The first week has now passed and I’m positive that this blessed month will fly by. I have decided to dedicate this post to our household Iftar specials. The dishes we have at my house every year and helps us through these 18 hour fasts.




My dad’s special lamb biryani, garnished with caramelised onions and lemon slices, with chicken tikka, kebabs, roasted baby potatoes that were cooked in the same marination as the chicken tikka and a side of greek style yoghurt.


Obviously I’m biased when it comes to my dads cooking – but like I’ve mentioned before here, I’ve not tasted a better biryani than his and that’s a fact. As for everything else on this plate, I wish I could feed everyone this exact dish, it has everything a punjabi dish should have, flavour, heat, coolness and a hint of sweetness.


I came across this style of yoghurt from a good friend of mine. Her mother made this beautiful yoghurt with grated cucumber, coriander, grinded cumin seeds, salt and to my surprise, sugar. Which complimented the chicken well and everything else. It brought the whole dish together and has become my personal favourite style of yoghurt.




And is it really Ramadan without the famous fruit-chaat.


In this case it was a fruit salad, I decided to miss out the chaat masala as I feel the spices ruin the natural fruit flavour. Why ruin it with heaps of spices. Simple and delicious. You can put in any fruit you like, there are no limitations.


I squeezed about 5/6 oranges for this dish, some people like to add in orange juice from a carton but I feel that takes away the originality of it.

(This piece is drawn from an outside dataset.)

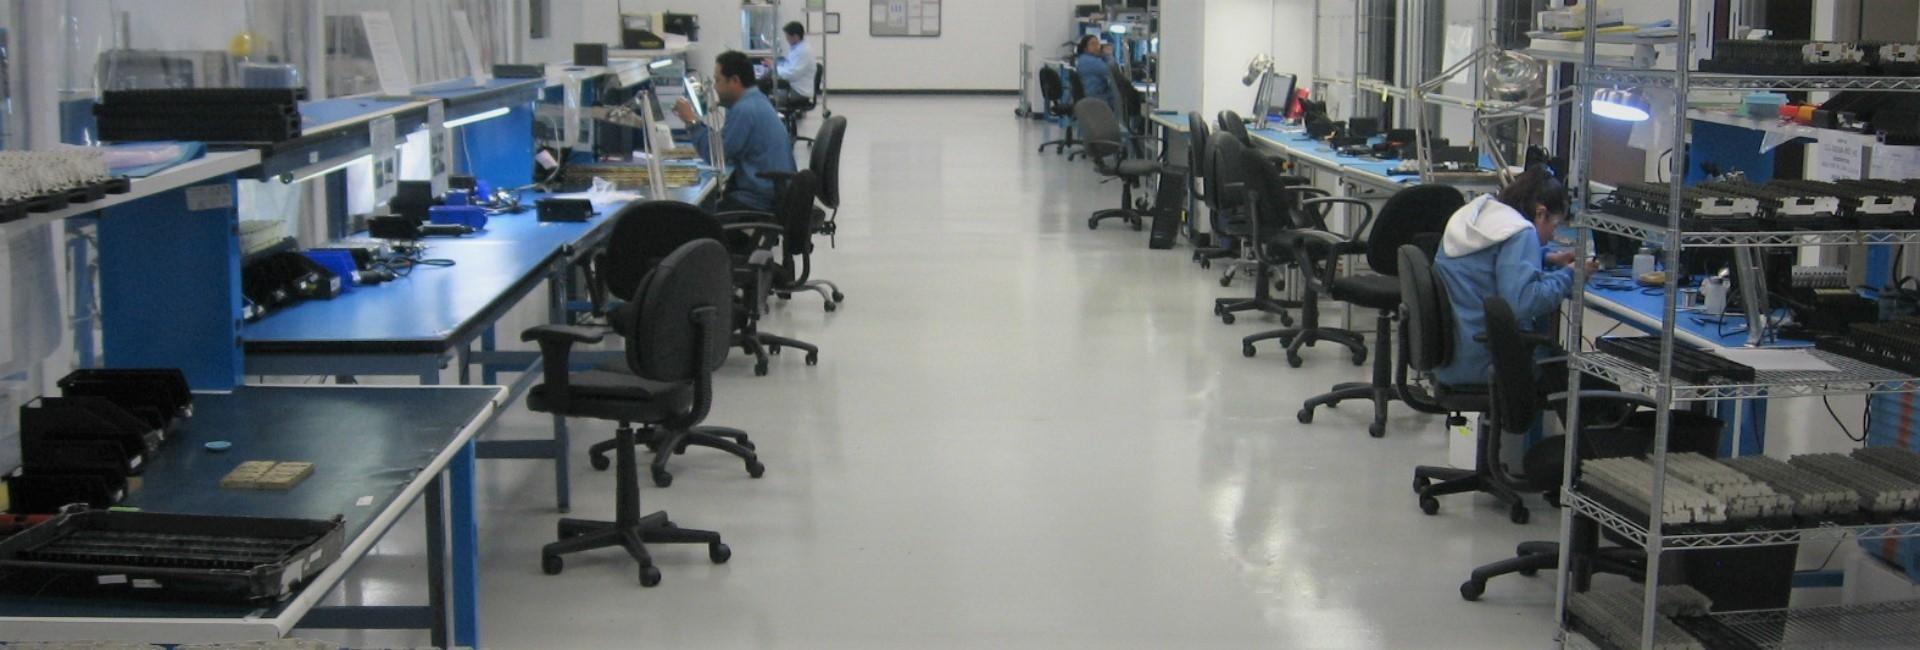 ESD Flooring Epoxy Flooring E P Floors Corp Turnkey Installation - Conductive flooring specifications

“The household that has dates, will not go hungry” – (Sahih Muslim, Hadith)

Dates come with many beneficial qualities, these are:


  1. Very nutritious

  2. High in fibre

  3. Full of anti-oxidants to fight diseases

  4. Improves brain function

  5. May promote natural labour

  6. Good for bones as well as lowering cholesterol




Every year in our house, it’s tradition for us to make this lime drink, known as “skanjvee” (skanjvi?) anyways, this drink is so refreshing! and it only takes 5 minutes to make.

First you get a jug of cold water and put however much sugar you want in and let the sugar dissolve. Squeeze about 4/5 limes and there you have it. Bung it all together and add some ice. You can add in some mint, in Pakistan some people like to add in salt. But it’s not my cup of tea (or shall I say skanjvee?)


I think everyone’s house is different when it comes to Iftar and I’d like to know what you guys eat and what traditions you have during this month.